The officers in the courtyard of the palace rush to the coach as it draws up at the Pavillon de Flore: one of them succeeds in opening the carriage door. The Emperor is literally torn out of the carriage, carried to the vestibule, where more officers seize him, raise him from the crowd, bear him along, hoisted upon their shoulders, up the monumental staircase.
Their enthusiasm is akin to delirium: they nearly tear their hero to pieces in their wild, mad, frantic welcome.
"In Heaven's name, protect his person," exclaims the Duc de Vicence anxiously; and he and Lavalette manage to get hold of the banisters and by dint of fighting and pushing succeed in walking backwards step by step in front of the Emperor, thus making a way for him.
Lavalette can hardly believe his eyes, and the Duc de Vicence keeps murmuring: "It is the Emperor! It is the Emperor!"
And he—the little stout man in green cloth coat and white breeches—walks up the steps of his reconquered palace like a man in a dream: his eyes are fixed apparently on nothing, he makes no movement to keep his too enthusiastic friends away: the smile upon his lips is meaningless and fixed.
"Vive l'Empereur!" vociferates the crowd.
Vive l'Empereur for one hundred days: a few weeks of joy, a few weeks of anxiety, a few weeks of indecision, of wavering and of doubt. Then defeat more irrevocable than before! exile more distant! despair more complete.
Vive l'Empereur while we shout with excitement, while we remember the disappointments of the past year, while we hope for better things from a hand that has lost its cunning, a mind that has lost its power.

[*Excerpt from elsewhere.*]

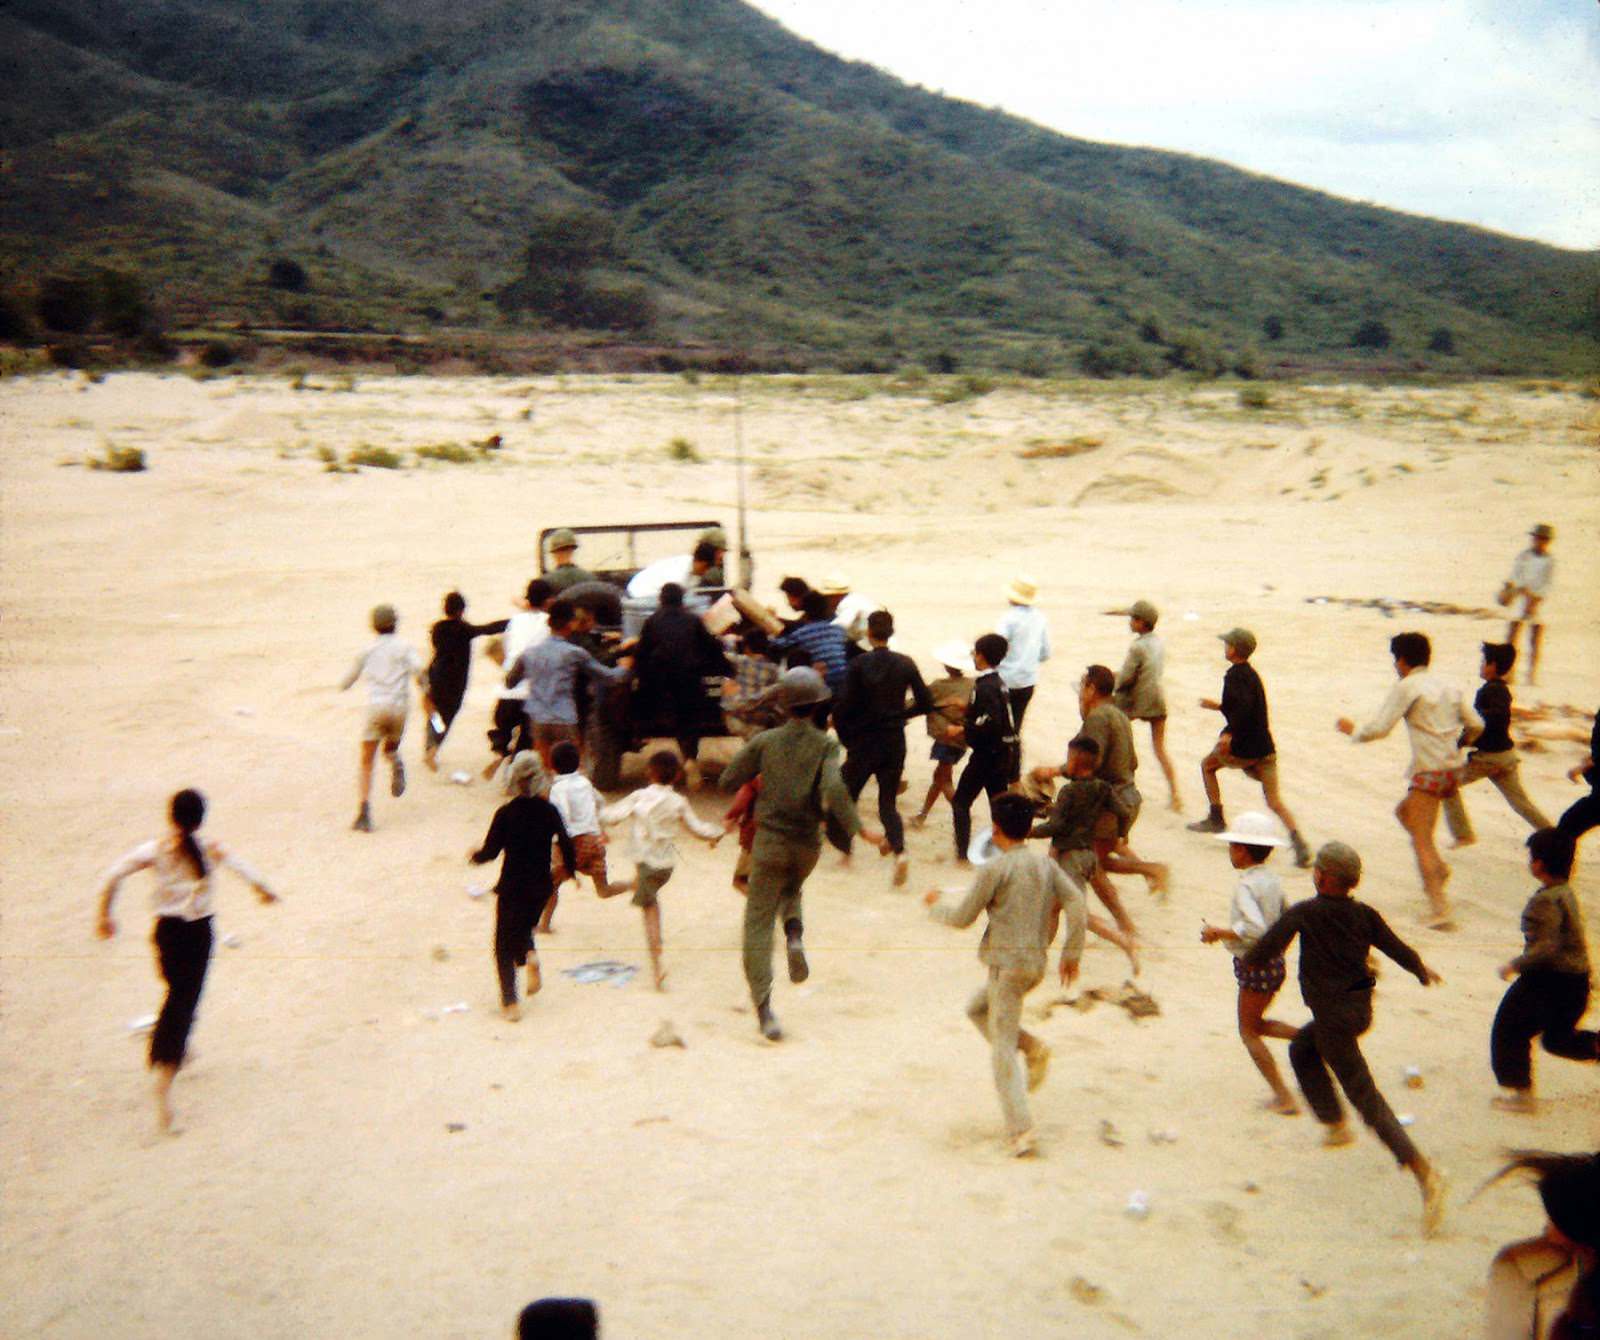 After filling sandbags for bunkers at a base camp by the South China Sea near Ninh Hoa, Vietnam. 1968.

Vive l'Empereur! Let him live for an hundred days, while we forget our enthusiasm and Europe prepares its final crushing blow. Let him live until we remember once again the horrors of war, the misery, the famine, the devastated homes! until once more we see the maimed and crippled crawling back wearily from the fields of glory, until our ears ring with the wails of widows and the cries of the fatherless.
Then let him no longer live, for he it is who has brought this misery on us through his will and through his ambition, and France has suffered so much from the aftermath of glory, that all she wants now is rest.